Records from a dataset
——
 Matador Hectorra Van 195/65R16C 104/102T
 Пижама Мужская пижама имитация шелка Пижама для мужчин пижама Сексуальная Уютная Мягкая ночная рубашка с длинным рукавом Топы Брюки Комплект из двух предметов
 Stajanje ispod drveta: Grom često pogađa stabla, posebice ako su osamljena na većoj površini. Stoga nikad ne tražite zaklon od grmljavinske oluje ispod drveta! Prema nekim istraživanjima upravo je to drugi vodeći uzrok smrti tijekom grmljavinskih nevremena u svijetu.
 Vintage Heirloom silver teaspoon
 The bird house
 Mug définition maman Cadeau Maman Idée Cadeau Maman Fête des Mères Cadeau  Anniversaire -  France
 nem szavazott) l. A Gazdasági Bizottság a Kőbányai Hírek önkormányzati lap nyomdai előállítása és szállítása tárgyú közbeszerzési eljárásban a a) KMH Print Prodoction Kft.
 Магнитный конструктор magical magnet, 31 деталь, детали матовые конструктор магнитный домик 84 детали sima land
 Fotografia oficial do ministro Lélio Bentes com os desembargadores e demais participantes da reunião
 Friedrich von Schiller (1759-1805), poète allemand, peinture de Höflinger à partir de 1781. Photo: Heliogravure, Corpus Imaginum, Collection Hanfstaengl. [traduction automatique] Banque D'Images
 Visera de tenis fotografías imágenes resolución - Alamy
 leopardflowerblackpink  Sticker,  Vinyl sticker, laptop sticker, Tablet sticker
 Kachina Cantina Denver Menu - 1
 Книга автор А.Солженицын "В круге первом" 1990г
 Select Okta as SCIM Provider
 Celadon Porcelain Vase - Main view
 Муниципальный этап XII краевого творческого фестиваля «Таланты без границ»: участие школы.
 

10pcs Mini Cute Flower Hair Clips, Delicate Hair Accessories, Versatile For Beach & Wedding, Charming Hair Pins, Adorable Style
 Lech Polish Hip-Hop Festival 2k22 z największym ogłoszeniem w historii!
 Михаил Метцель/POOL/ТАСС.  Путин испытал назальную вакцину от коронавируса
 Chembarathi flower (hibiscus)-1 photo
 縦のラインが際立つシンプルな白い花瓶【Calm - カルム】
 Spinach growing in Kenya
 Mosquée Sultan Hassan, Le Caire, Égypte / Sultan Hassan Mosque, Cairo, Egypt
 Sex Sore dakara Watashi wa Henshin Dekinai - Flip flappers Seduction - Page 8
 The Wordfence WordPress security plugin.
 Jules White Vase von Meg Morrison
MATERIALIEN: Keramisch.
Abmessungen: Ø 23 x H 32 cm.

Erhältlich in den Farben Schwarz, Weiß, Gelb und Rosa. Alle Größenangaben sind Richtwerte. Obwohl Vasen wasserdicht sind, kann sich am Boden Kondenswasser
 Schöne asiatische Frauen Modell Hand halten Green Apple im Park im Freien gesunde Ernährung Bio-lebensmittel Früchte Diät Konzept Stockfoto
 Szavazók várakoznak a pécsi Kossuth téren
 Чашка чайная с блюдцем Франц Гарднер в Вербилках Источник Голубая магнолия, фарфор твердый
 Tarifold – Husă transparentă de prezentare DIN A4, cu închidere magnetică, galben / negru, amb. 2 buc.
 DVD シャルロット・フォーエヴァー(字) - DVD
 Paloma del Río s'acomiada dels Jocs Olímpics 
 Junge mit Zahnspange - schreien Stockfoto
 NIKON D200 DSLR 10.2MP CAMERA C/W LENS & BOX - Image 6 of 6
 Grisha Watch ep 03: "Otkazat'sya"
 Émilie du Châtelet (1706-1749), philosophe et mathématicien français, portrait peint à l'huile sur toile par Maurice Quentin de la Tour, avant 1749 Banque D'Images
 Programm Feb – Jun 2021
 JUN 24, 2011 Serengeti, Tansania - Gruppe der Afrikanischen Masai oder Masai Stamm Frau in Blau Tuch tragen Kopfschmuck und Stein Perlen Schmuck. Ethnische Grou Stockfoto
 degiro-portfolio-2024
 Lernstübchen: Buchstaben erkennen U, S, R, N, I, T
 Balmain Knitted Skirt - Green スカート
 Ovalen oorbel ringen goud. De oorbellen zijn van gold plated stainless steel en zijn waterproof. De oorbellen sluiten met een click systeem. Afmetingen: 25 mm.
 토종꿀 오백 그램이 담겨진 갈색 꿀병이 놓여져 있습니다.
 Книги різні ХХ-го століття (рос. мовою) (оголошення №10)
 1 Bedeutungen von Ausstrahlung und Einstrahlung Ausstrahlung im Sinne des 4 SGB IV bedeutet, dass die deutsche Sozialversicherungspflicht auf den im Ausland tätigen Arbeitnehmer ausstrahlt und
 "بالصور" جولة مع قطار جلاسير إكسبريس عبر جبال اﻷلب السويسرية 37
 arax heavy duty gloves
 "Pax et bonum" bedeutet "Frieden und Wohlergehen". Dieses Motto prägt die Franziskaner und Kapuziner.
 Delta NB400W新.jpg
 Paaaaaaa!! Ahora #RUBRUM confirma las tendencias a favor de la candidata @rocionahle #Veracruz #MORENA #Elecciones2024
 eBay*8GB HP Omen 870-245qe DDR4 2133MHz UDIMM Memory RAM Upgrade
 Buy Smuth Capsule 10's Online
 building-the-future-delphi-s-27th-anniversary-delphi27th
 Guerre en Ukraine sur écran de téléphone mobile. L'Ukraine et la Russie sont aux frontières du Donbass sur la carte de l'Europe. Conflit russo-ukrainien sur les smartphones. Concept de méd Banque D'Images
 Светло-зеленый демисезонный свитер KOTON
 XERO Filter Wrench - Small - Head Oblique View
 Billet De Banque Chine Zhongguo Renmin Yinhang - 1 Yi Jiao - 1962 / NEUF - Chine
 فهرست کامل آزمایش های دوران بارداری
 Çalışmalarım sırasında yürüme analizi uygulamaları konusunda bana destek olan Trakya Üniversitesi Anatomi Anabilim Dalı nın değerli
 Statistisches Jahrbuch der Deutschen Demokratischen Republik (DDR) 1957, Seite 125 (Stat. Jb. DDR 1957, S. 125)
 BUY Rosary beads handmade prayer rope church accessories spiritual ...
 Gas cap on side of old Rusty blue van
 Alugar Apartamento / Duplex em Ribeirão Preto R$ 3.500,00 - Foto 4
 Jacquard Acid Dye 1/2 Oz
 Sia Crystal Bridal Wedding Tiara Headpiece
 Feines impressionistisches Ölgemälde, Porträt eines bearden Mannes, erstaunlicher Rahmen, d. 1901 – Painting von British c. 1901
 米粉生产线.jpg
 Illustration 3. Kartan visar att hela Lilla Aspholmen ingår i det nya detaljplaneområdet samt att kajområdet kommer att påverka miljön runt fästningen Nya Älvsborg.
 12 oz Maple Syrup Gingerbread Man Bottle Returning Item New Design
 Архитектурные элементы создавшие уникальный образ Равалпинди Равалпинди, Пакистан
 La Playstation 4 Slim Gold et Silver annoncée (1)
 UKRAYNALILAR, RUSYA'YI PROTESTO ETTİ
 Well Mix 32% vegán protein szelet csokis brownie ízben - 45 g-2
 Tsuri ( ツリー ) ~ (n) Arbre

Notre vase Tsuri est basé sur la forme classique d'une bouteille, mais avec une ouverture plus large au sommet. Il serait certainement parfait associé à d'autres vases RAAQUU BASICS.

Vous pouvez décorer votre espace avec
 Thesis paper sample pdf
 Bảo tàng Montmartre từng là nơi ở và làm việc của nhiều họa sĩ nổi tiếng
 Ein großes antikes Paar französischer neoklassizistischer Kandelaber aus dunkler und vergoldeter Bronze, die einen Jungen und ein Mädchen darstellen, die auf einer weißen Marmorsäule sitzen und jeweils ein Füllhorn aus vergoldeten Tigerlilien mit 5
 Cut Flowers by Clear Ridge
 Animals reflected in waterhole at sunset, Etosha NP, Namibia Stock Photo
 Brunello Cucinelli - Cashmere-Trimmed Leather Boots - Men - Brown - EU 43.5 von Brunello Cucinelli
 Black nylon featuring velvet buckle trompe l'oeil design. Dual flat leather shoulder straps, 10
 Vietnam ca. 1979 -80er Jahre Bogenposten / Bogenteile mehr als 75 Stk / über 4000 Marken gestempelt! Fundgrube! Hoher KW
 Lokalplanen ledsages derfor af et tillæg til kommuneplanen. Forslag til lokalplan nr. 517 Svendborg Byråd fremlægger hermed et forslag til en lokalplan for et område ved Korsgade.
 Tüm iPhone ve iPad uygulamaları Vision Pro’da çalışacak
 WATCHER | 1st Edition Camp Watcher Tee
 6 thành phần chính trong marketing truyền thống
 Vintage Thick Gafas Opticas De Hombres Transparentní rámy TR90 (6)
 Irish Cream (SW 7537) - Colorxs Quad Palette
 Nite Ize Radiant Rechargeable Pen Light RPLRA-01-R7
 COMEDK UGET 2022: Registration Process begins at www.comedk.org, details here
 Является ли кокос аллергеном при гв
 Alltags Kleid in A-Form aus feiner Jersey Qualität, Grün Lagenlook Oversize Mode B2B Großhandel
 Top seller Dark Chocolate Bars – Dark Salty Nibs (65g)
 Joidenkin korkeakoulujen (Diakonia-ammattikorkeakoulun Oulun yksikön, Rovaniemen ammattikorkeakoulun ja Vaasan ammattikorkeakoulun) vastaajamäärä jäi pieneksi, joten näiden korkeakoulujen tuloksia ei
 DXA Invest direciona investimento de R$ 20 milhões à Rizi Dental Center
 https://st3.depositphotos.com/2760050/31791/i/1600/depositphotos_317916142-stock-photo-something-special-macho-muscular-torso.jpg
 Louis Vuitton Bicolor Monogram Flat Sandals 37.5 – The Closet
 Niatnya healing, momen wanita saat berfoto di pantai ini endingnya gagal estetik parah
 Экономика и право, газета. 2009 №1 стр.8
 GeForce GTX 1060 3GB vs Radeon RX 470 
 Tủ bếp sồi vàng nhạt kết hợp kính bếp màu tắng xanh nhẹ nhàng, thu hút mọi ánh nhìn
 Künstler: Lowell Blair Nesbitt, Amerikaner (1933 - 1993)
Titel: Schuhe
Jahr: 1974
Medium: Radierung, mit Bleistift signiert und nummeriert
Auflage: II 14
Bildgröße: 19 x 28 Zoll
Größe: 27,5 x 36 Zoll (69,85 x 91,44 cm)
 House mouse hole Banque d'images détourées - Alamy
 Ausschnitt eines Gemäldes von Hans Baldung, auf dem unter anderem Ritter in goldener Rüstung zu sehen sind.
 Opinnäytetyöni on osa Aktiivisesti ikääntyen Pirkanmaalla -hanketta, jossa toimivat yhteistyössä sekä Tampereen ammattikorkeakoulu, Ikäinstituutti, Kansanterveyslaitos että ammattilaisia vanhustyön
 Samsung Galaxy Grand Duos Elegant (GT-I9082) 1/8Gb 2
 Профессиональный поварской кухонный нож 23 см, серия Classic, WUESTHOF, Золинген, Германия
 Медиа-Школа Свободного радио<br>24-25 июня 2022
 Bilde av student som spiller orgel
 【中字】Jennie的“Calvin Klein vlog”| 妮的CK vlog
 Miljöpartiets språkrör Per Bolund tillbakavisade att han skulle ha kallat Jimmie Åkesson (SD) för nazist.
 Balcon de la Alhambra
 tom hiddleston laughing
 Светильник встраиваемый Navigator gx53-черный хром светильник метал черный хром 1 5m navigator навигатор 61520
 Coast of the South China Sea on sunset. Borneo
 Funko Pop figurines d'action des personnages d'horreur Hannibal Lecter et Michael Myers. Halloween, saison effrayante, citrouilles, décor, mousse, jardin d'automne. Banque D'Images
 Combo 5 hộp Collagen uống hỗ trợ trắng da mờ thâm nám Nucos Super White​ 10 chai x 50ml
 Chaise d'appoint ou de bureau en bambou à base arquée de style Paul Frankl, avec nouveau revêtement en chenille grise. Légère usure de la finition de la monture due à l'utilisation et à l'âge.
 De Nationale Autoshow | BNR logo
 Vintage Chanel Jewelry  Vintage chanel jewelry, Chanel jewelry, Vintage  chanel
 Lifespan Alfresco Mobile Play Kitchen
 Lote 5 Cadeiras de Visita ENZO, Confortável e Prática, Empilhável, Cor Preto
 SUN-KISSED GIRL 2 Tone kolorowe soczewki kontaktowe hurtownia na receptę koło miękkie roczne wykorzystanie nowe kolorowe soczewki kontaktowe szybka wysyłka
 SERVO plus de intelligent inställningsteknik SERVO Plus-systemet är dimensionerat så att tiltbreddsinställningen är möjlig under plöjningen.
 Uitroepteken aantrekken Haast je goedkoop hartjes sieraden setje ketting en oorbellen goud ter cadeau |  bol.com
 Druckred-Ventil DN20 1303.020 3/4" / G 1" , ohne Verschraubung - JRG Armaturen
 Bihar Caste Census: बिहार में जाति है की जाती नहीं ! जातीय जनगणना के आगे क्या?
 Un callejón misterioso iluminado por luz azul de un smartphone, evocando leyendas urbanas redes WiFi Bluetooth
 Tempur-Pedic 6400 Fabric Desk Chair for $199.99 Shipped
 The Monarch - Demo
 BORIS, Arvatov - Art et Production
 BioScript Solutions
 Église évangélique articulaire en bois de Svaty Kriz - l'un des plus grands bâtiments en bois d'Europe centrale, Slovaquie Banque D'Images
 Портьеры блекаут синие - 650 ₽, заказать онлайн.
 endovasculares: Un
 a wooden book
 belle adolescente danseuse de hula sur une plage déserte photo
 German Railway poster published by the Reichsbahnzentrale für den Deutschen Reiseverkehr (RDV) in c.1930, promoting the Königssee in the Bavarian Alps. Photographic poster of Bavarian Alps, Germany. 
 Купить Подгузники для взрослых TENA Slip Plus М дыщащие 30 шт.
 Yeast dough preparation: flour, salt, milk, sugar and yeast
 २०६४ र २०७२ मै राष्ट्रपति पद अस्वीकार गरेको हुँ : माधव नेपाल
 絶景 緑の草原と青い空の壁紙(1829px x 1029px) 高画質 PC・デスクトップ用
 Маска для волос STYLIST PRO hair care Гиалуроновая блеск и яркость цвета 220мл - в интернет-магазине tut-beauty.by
——
**Your goal**
Starting with the line that holds "Well Mix 32%" and ending with the line that holds "Thesis paper sample pdf", retype every line in the data above exactly, and nothing else.

**Solution**
 Well Mix 32% vegán protein szelet csokis brownie ízben - 45 g-2
 Tsuri ( ツリー ) ~ (n) Arbre

Notre vase Tsuri est basé sur la forme classique d'une bouteille, mais avec une ouverture plus large au sommet. Il serait certainement parfait associé à d'autres vases RAAQUU BASICS.

Vous pouvez décorer votre espace avec
 Thesis paper sample pdf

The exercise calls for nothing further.